>>>

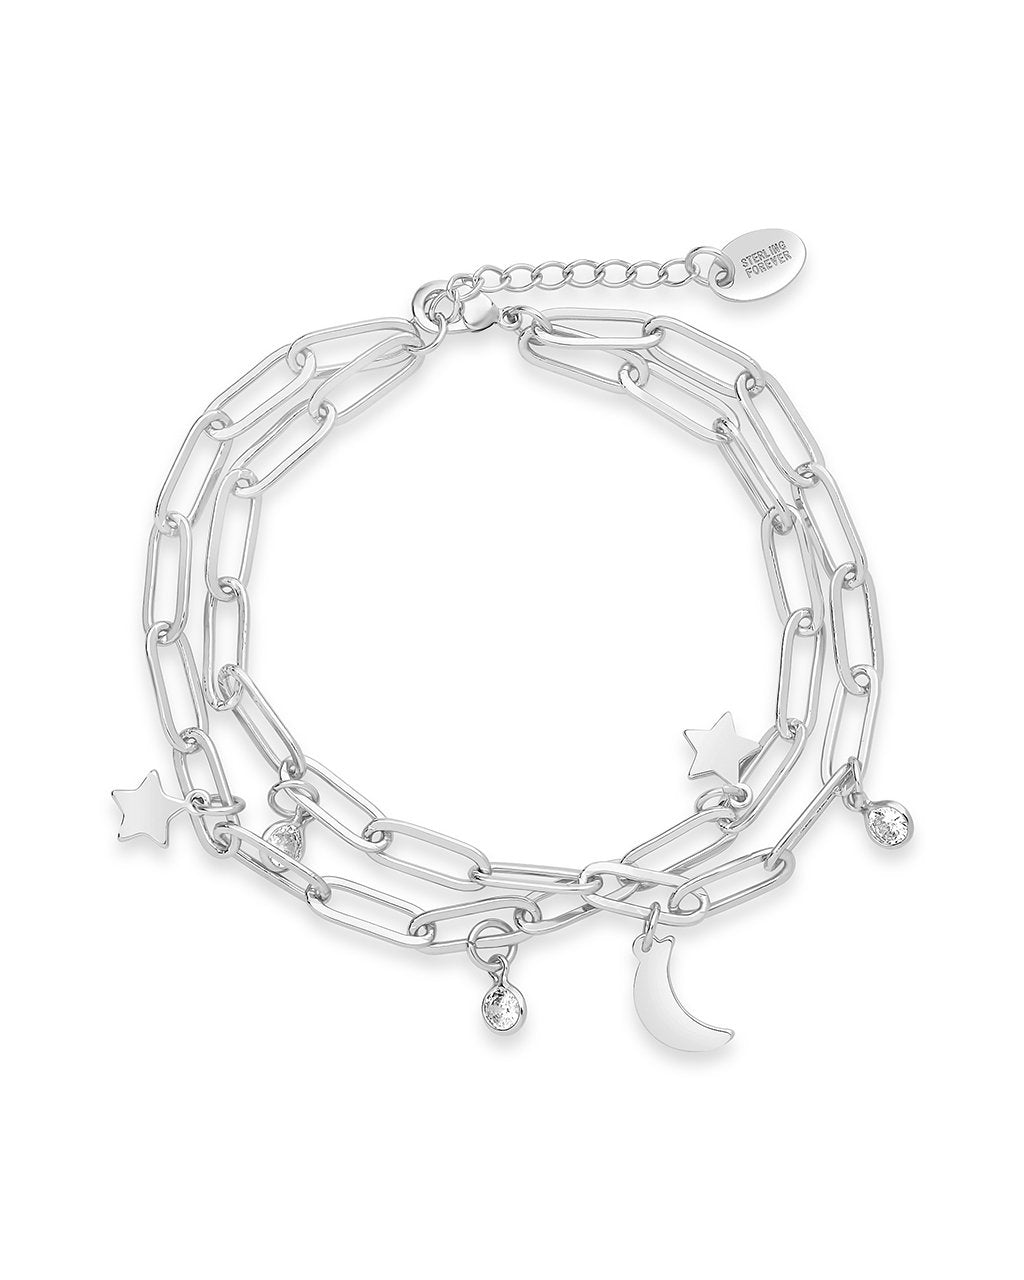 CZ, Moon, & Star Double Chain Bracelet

<<<
>>>

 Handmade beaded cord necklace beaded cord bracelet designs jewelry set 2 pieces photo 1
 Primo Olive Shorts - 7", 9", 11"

<<<
>>>

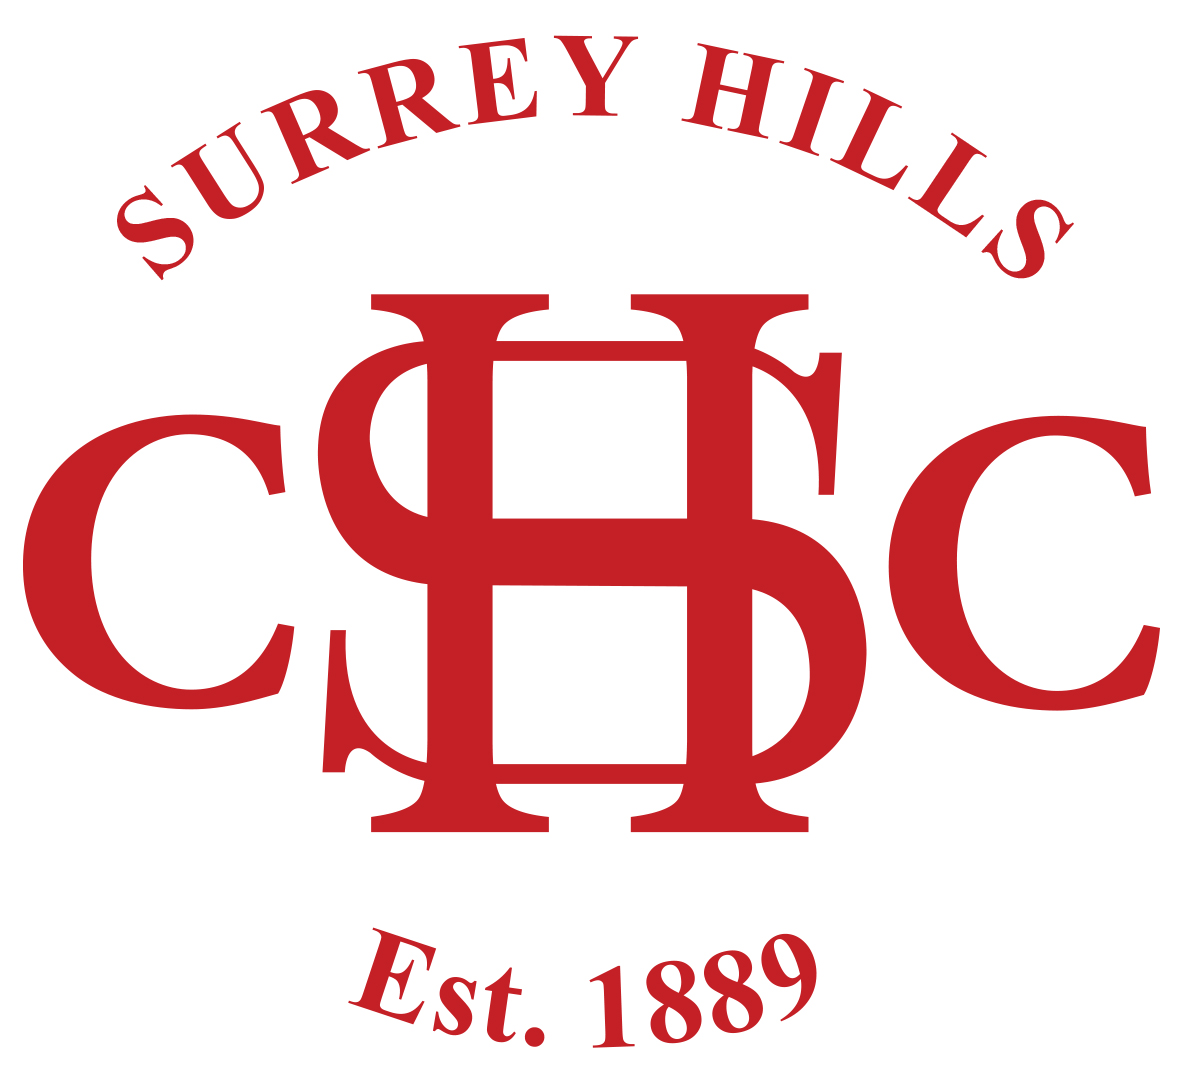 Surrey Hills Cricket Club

<<<

### Task directions
Copy out the lines above exactly, beginning at the one that contains "Handmade beaded cord" and ending at the one that contains "Primo Olive Shorts".

### Response to the exercise
 Handmade beaded cord necklace beaded cord bracelet designs jewelry set 2 pieces photo 1
 Primo Olive Shorts - 7", 9", 11"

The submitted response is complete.